**Given material**:
========================================================================

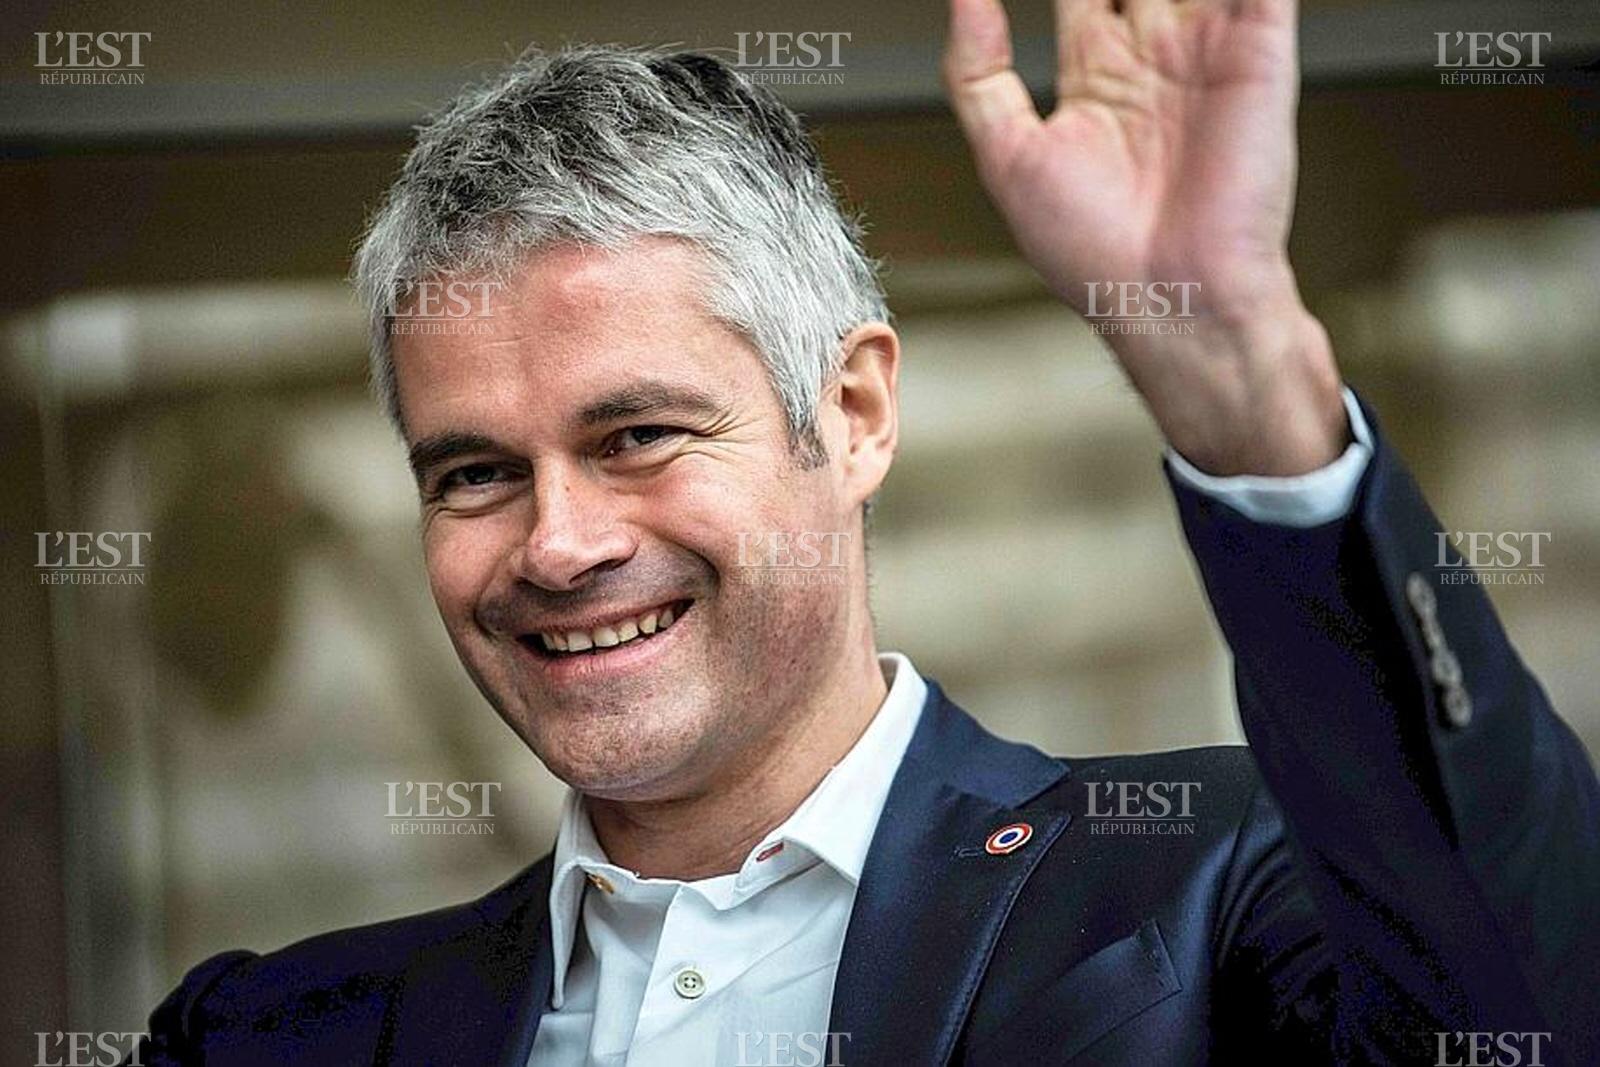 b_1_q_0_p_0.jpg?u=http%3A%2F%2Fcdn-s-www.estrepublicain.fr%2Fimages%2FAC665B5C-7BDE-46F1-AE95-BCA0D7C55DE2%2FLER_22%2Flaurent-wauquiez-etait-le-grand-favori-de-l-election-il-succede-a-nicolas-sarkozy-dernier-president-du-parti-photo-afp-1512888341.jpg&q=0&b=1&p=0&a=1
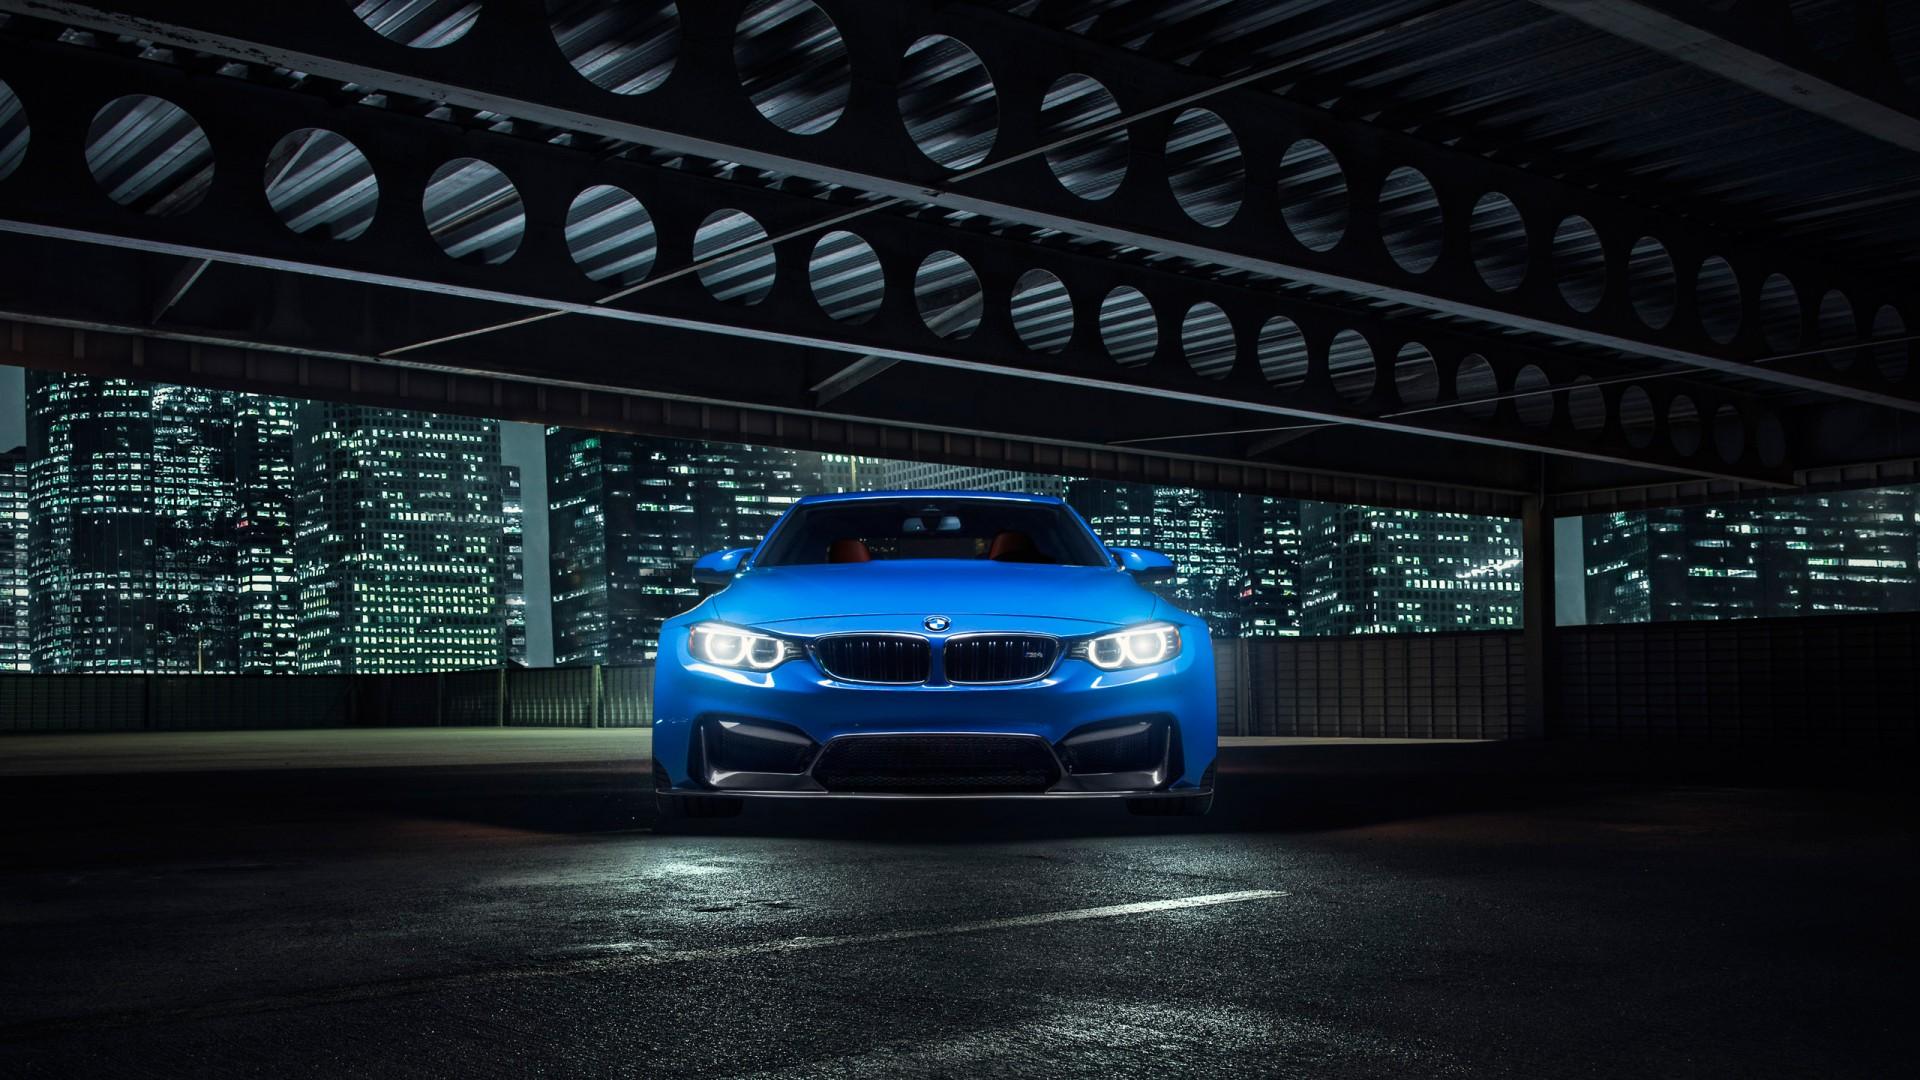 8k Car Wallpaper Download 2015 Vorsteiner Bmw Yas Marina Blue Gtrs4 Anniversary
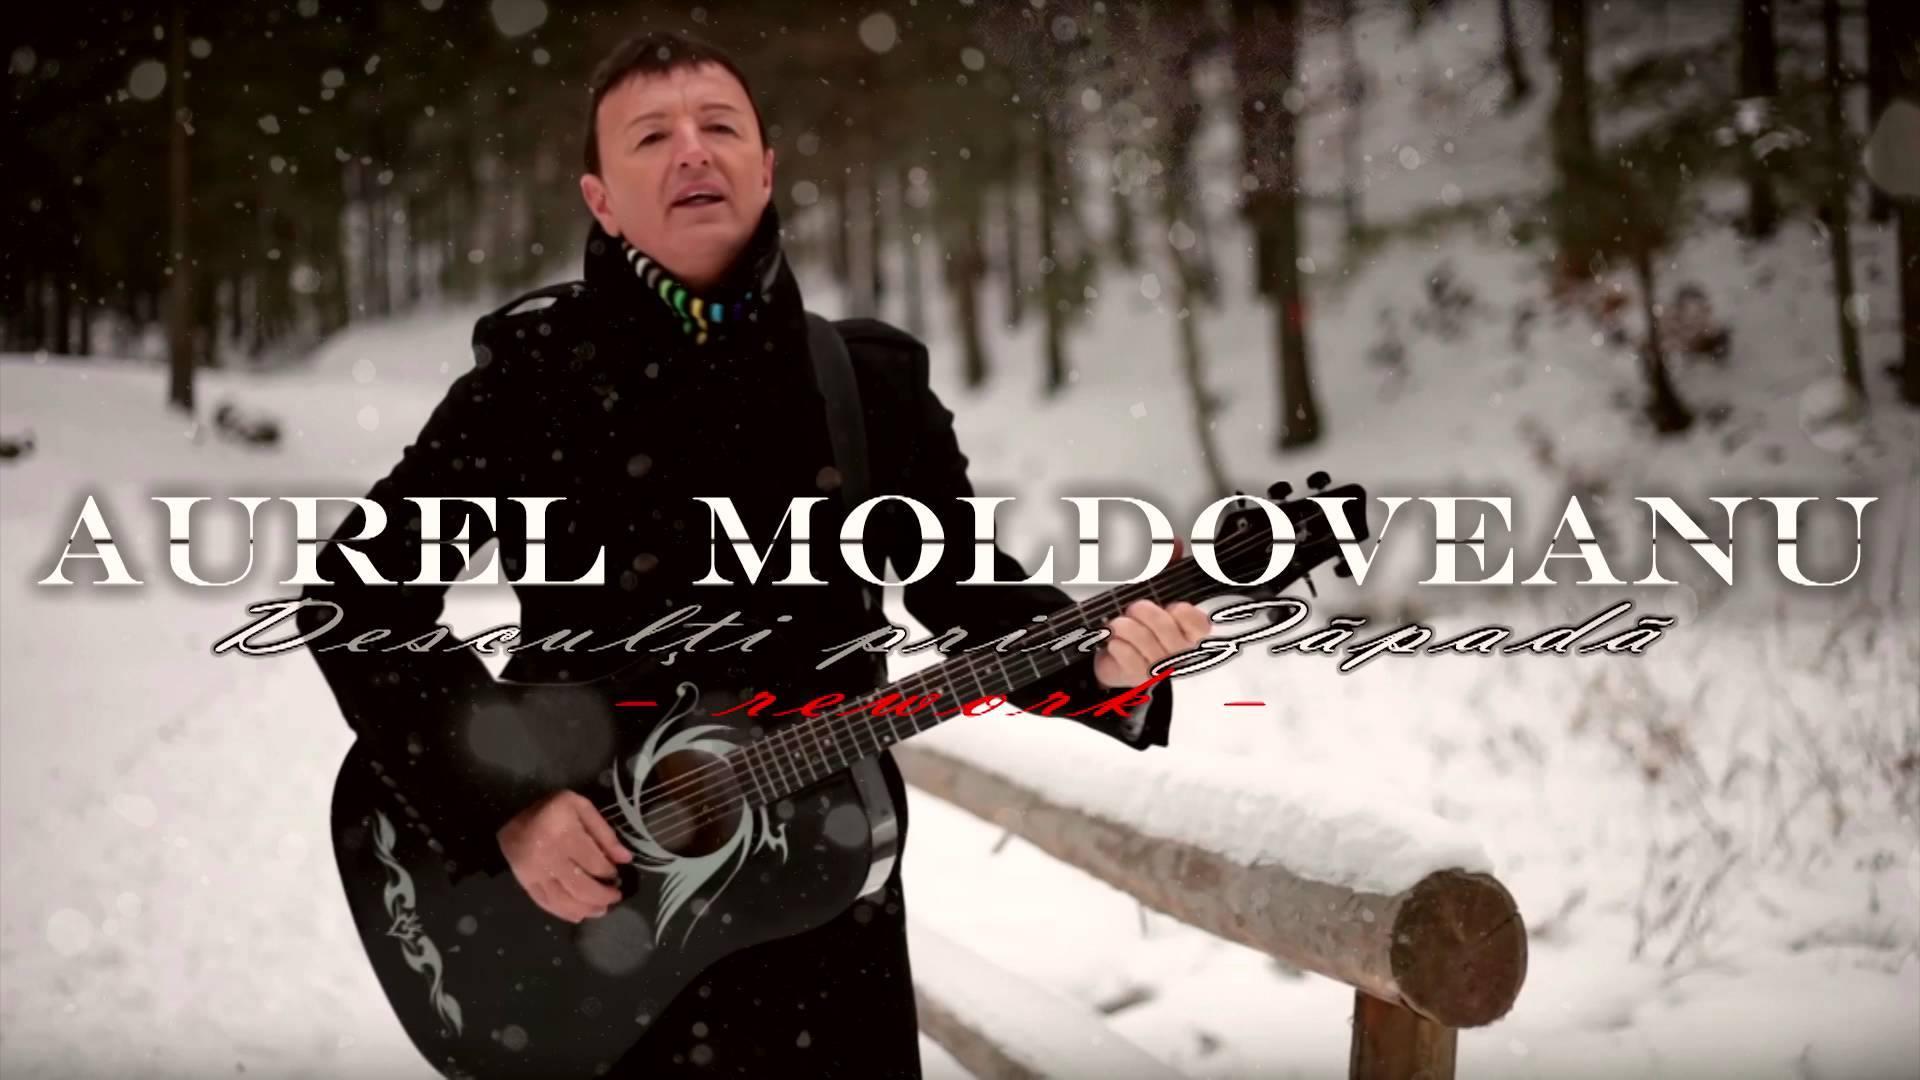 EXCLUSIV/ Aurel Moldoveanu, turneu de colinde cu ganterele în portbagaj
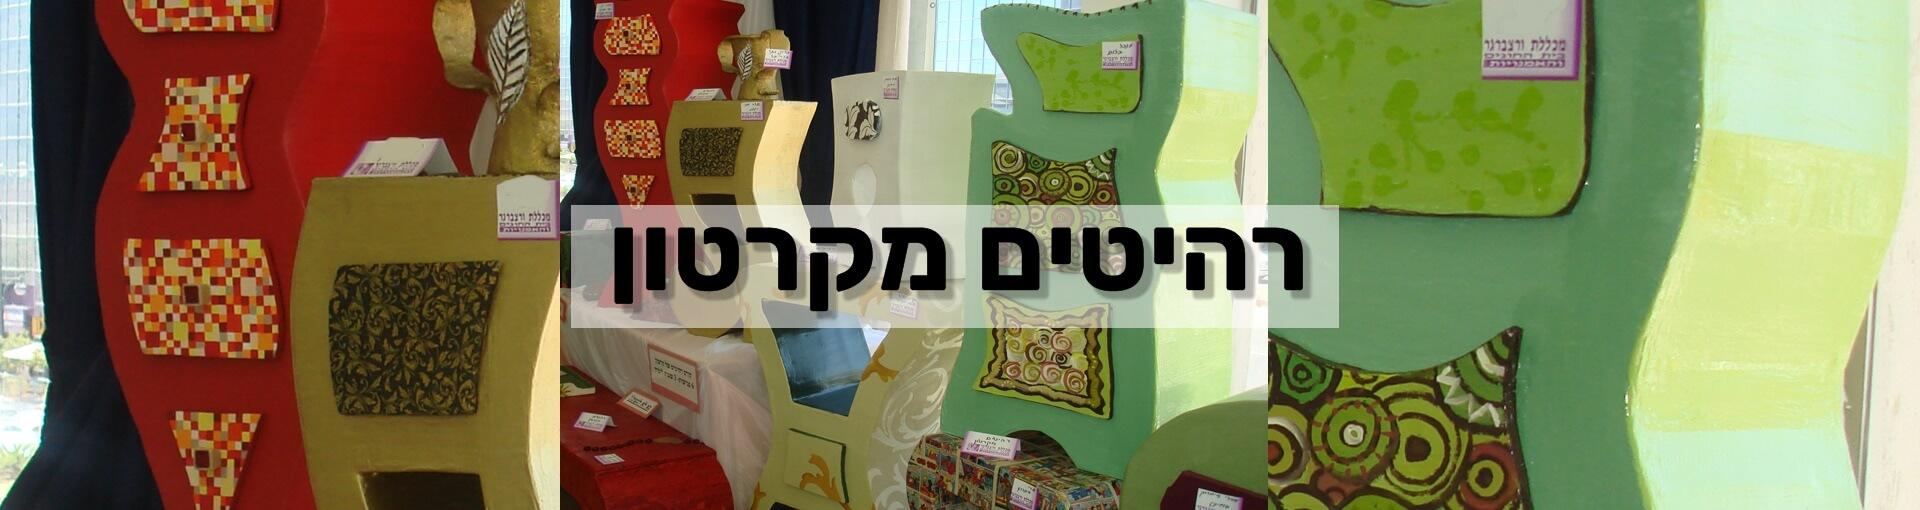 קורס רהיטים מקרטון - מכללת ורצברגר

========================================================================

**Exercise requirements**: Print the lines from the line with "EXCLUSIV/ Aurel Moldoveanu, turneu" to the end of the data above. Include both ends, exclude the pictures, and add nothing else.

**Answer to this exercise**:
 EXCLUSIV/ Aurel Moldoveanu, turneu de colinde cu ganterele în portbagaj
 קורס רהיטים מקרטון - מכללת ורצברגר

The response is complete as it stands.